REQUIRED WORK: Every line below from the one with "Types of coil" through the one with "Map of Eritrea" should be retyped exactly, both ends included; no other lines and no pictures.

** Opening RECORD EXCERPTS block **

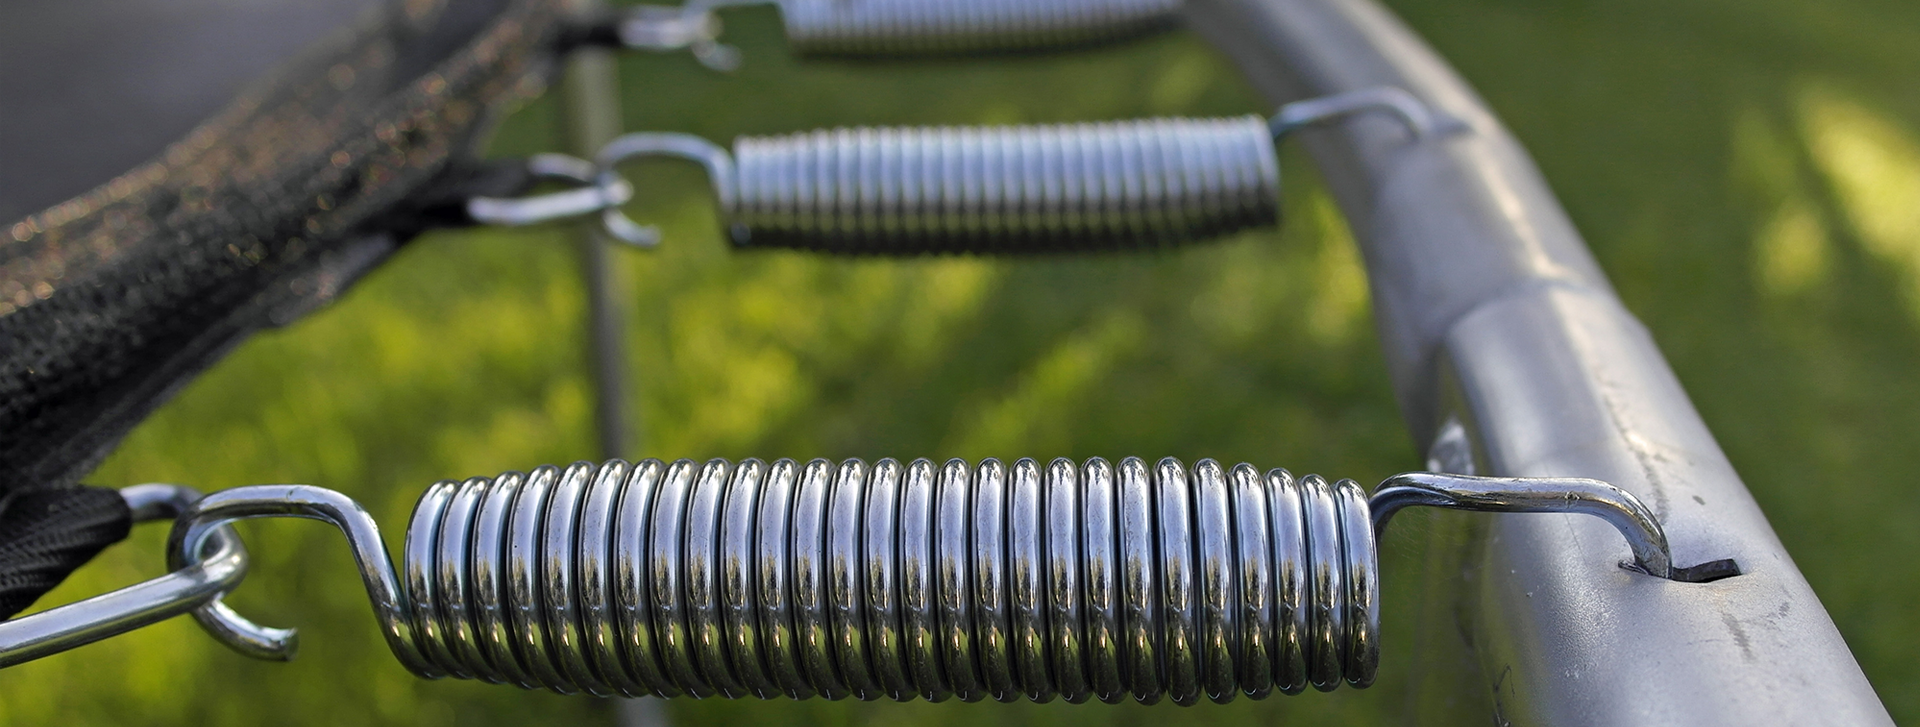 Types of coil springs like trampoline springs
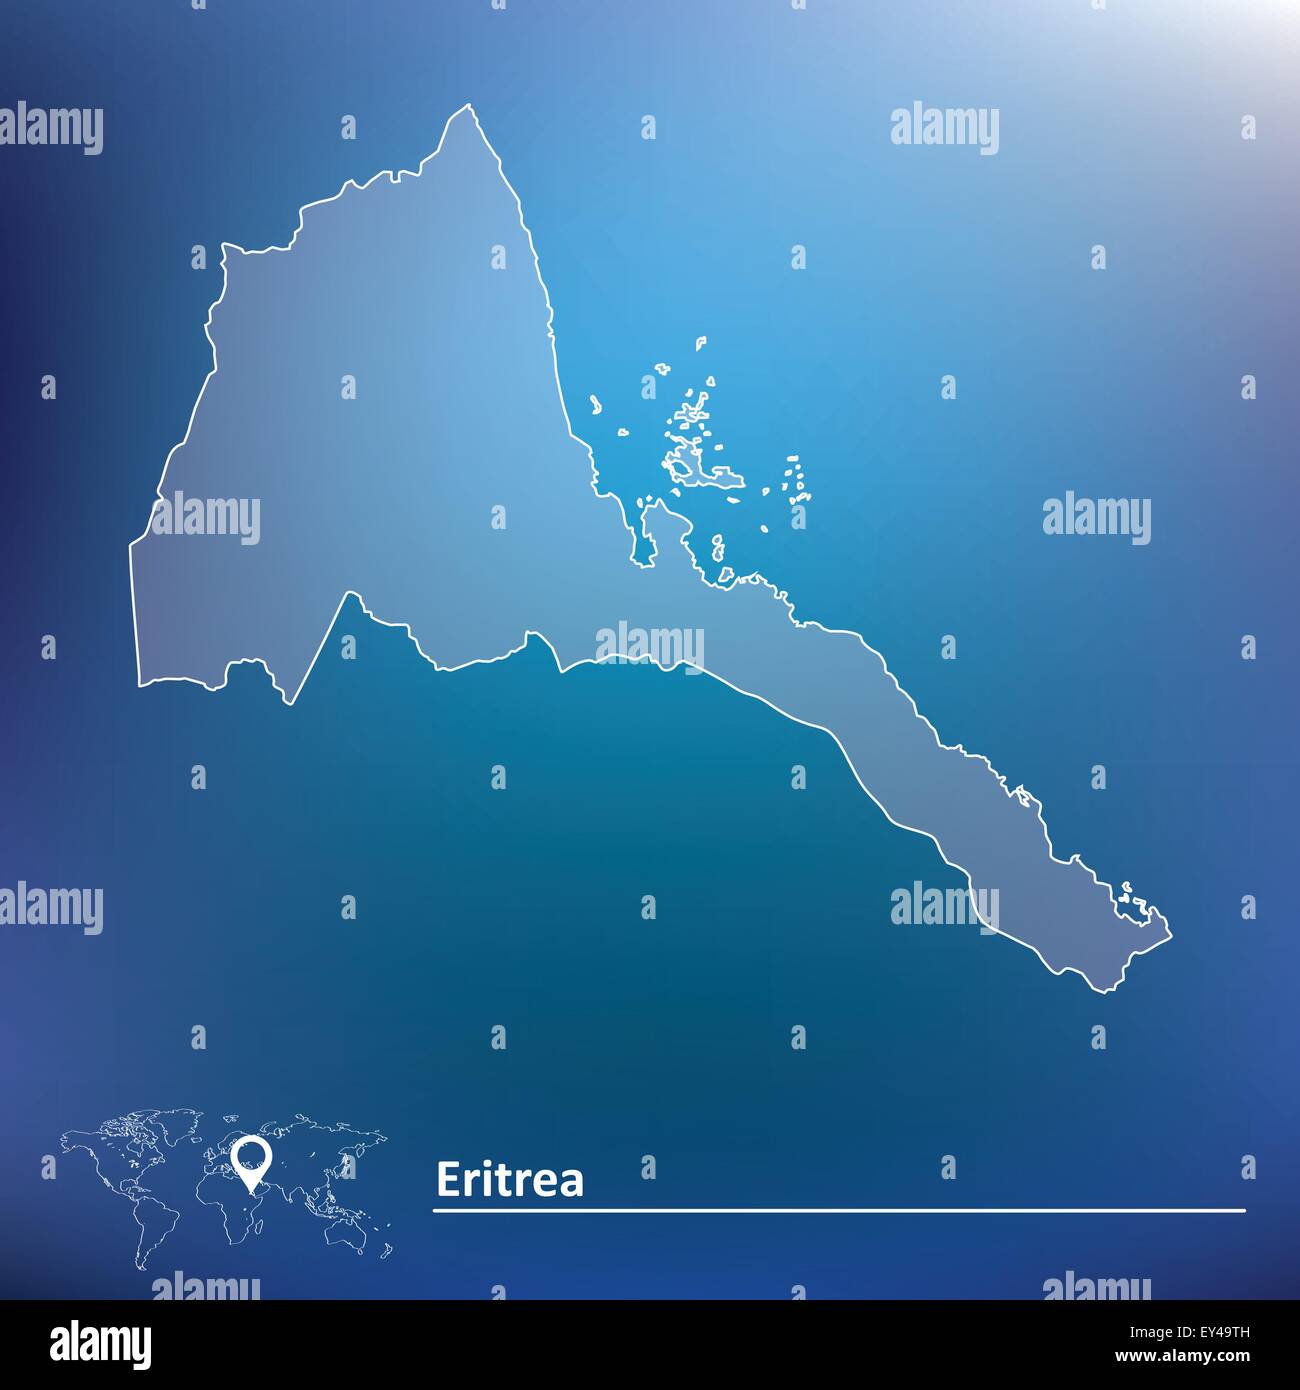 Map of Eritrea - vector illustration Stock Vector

** Closing RECORD EXCERPTS block **
** Opening RECORD EXCERPTS block **

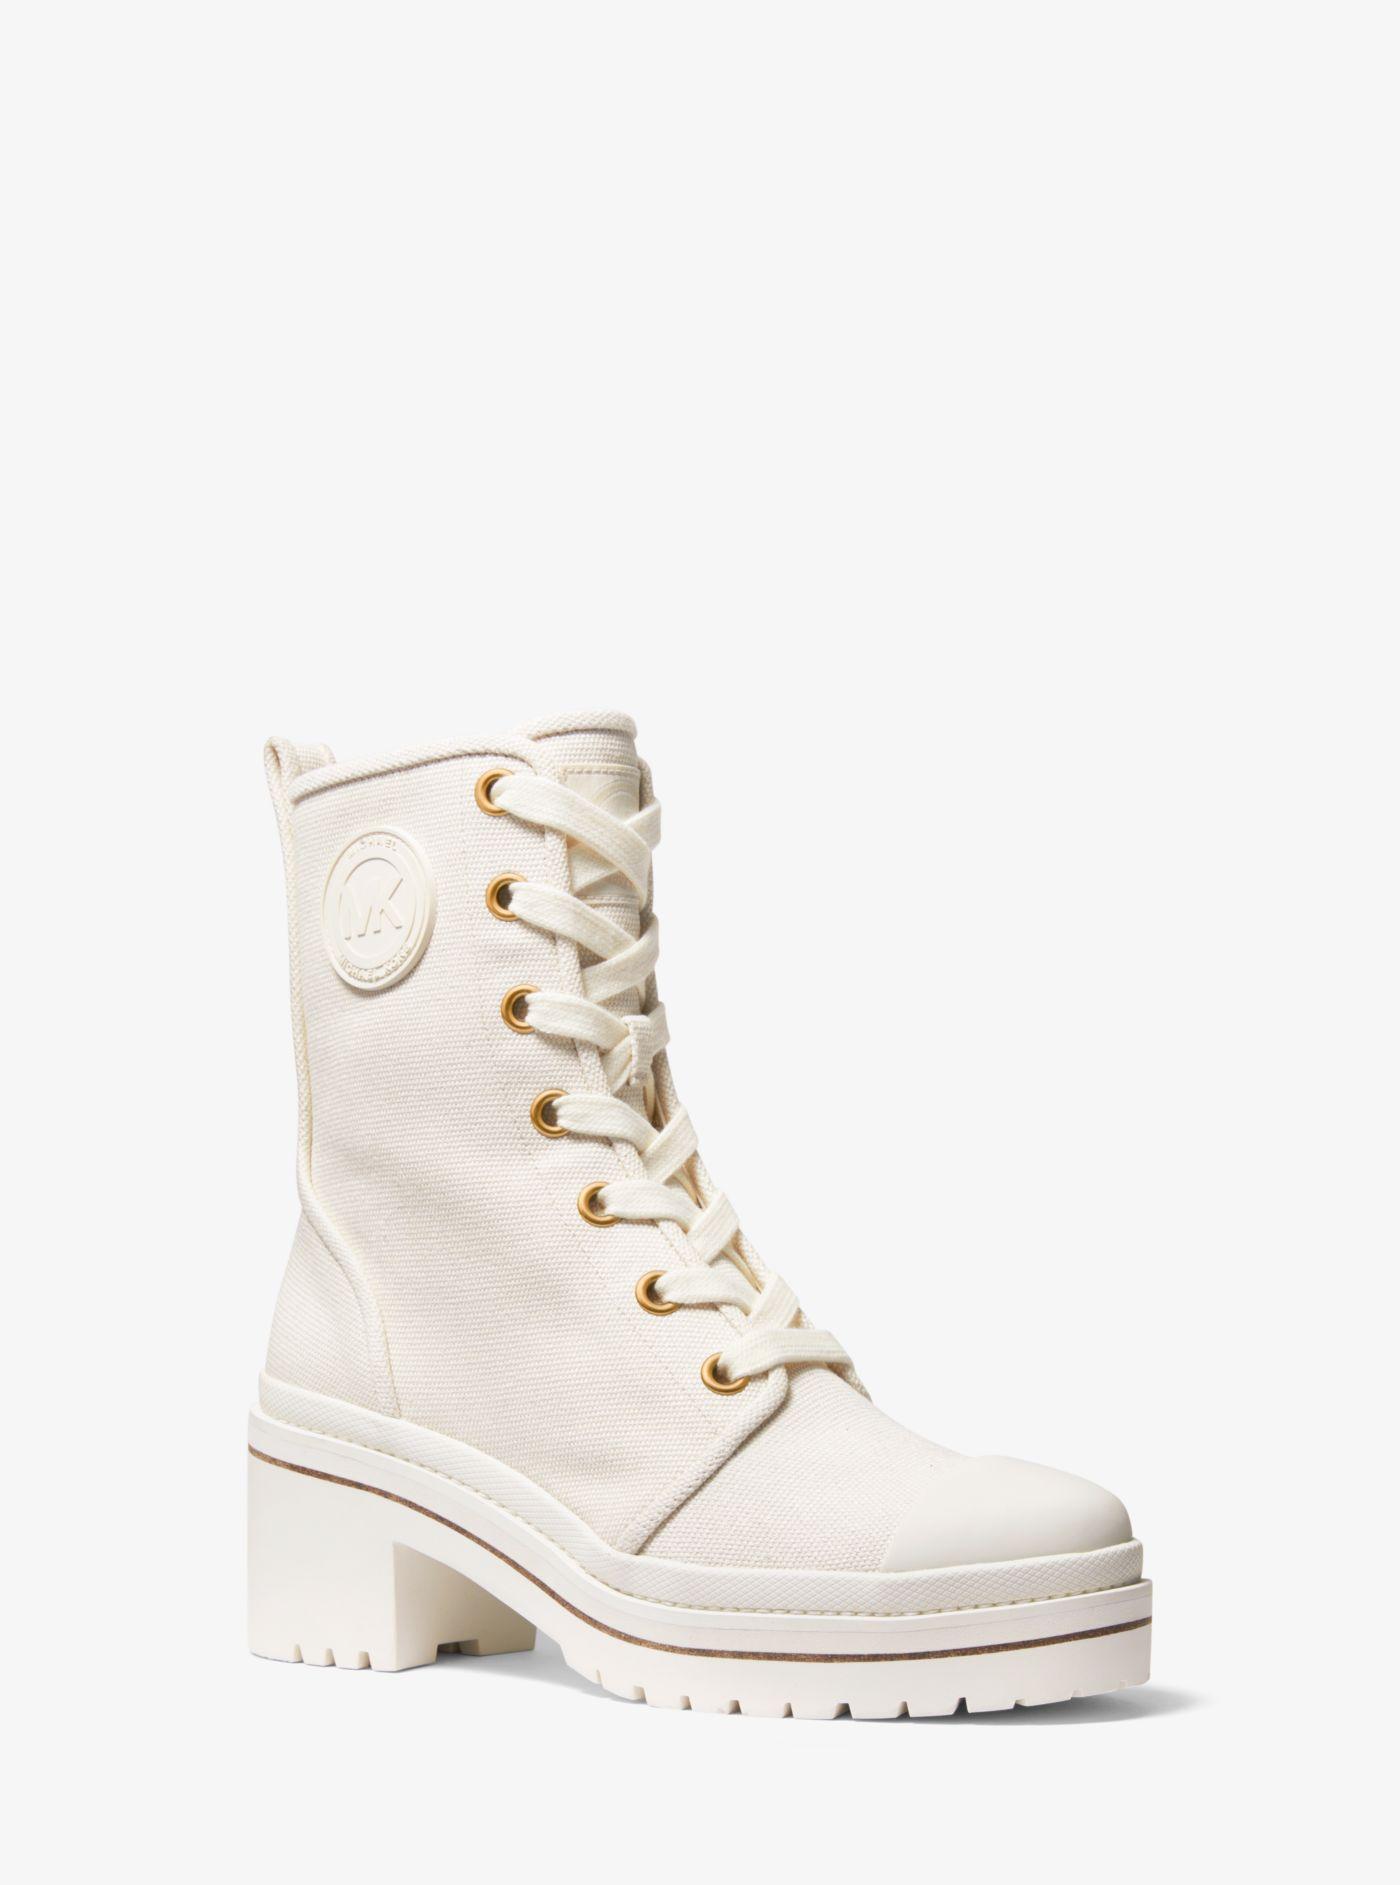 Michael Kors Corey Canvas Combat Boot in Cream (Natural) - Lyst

** Closing RECORD EXCERPTS block **
** Opening RECORD EXCERPTS block **

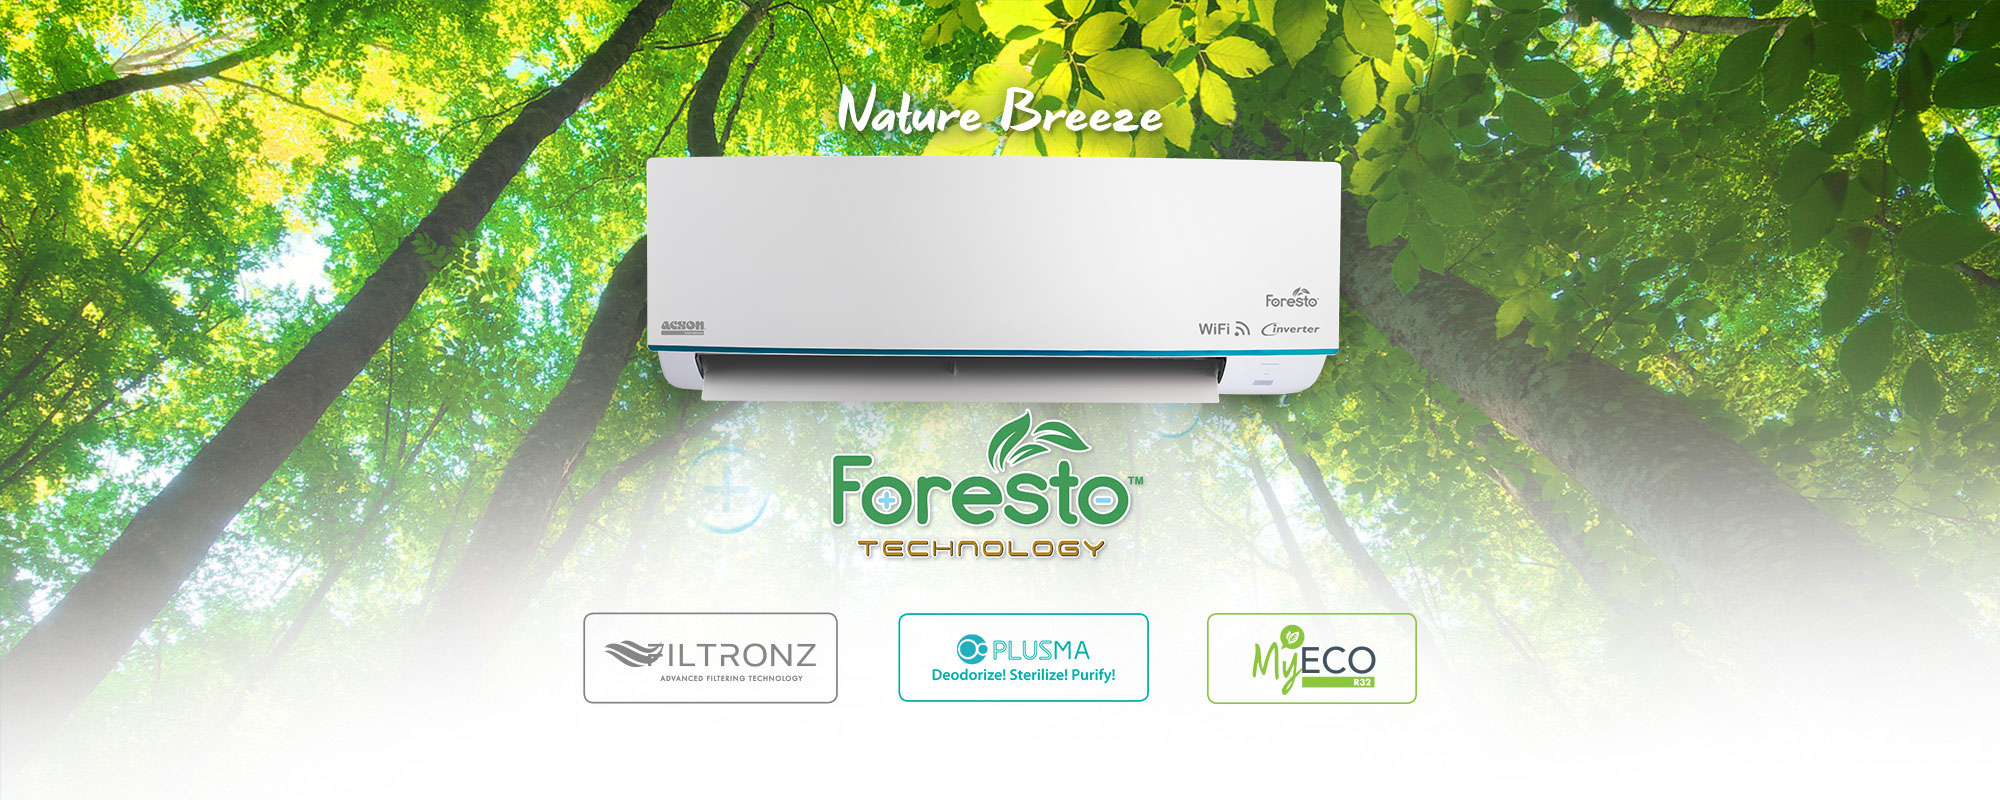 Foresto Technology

** Closing RECORD EXCERPTS block **

WRITTEN SOLUTION:
 Types of coil springs like trampoline springs
 Map of Eritrea - vector illustration Stock Vector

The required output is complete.